I've checked a few references. Most details are skipped. (Is it really that easy? I can't see it.) There are also many variations: Some take equivalence classes of Cauchy sequences modulo null sequences. The topology defined on the completion can also be expressed differently.
Here is how the book defines a Cauchy sequence in an abelian topological group:
$ (x_n) $ is a Cauchy sequence if for each neighbourhood $ U $ of $ 0 $, there is $ N $ such that $ n, m > N $ means $ x_n - x_m \in U$.

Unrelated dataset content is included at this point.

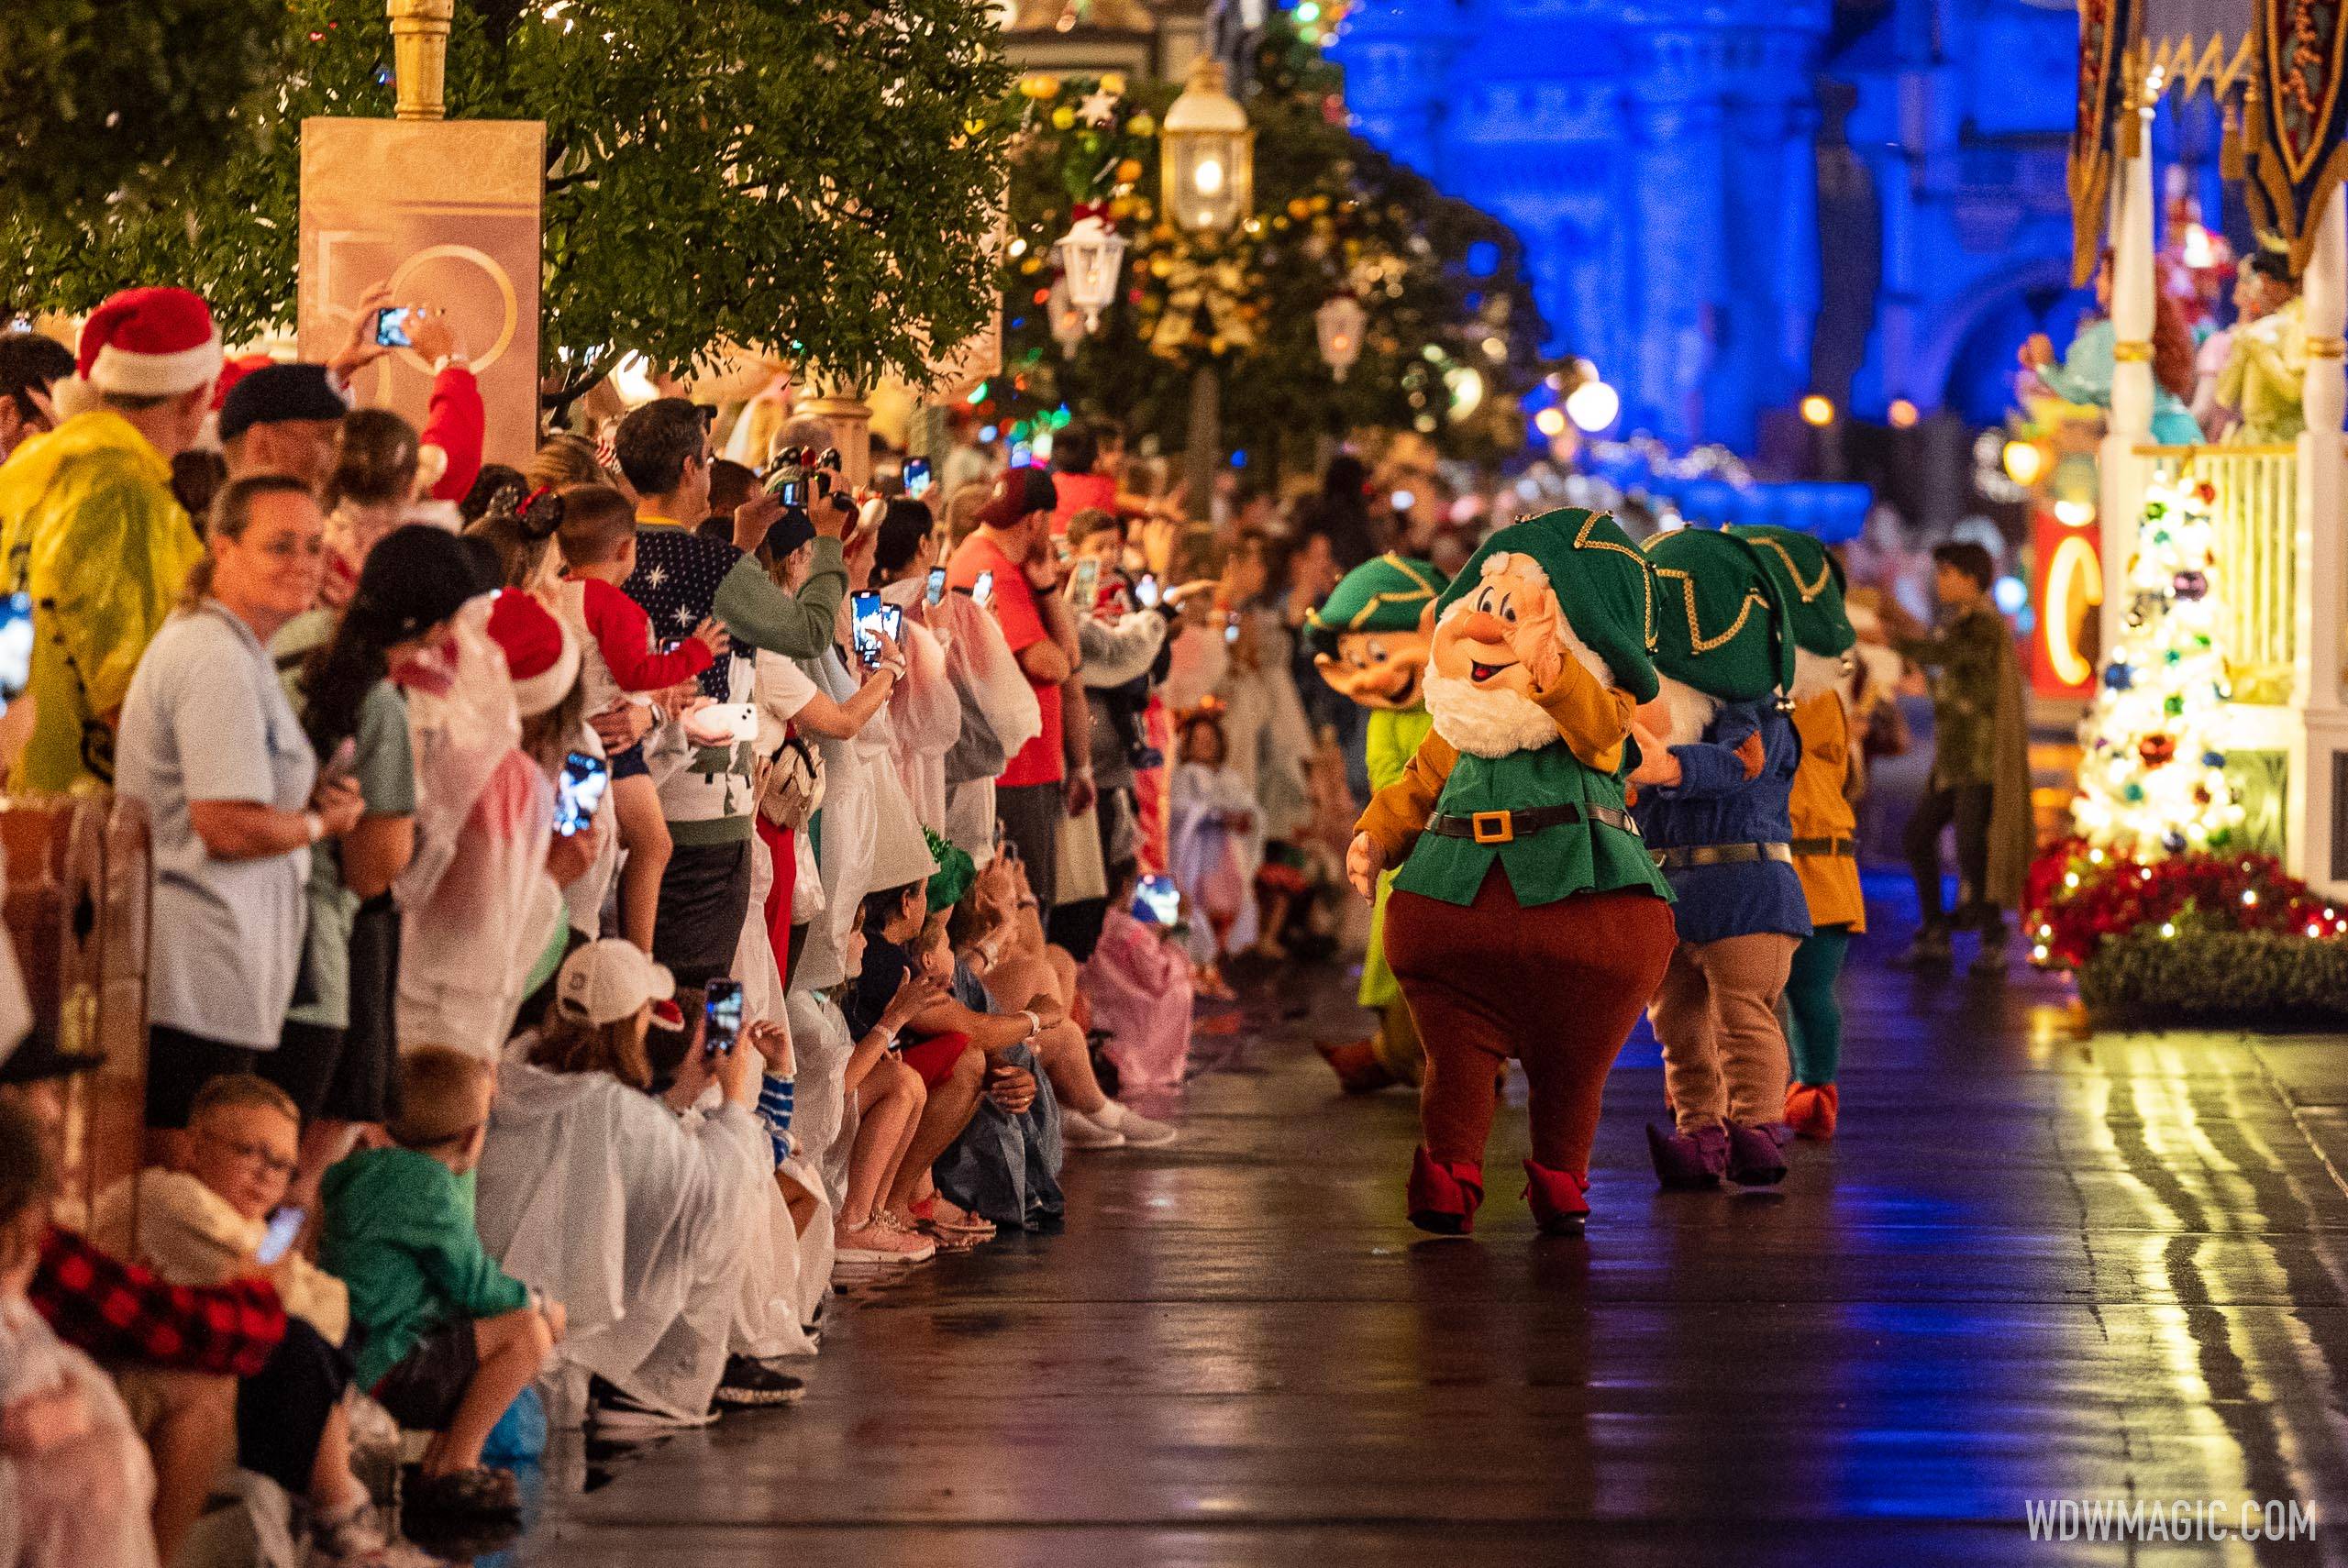 Mickey's Once Upon a Christmastime Parade scheduled during regular hours in mid-November at Magic Kingdom

Given the definition above, I prefer a reference that doesn't use nets or metrics.
Given a chain of subgroups $G = G_0 \supset G_1 \supset G_2 \supset ...$, the book gives $ G $ the topology in which $\langle G_{n} \rangle $ is a neighbourhood basis of $ 0 $. The inverse limit considered is then $ \varprojlim_n G / G_n $.
Thanks
|
Outline of the proof.
Let $C$ be the group of Cauchy sequences (without the equivalence classes.)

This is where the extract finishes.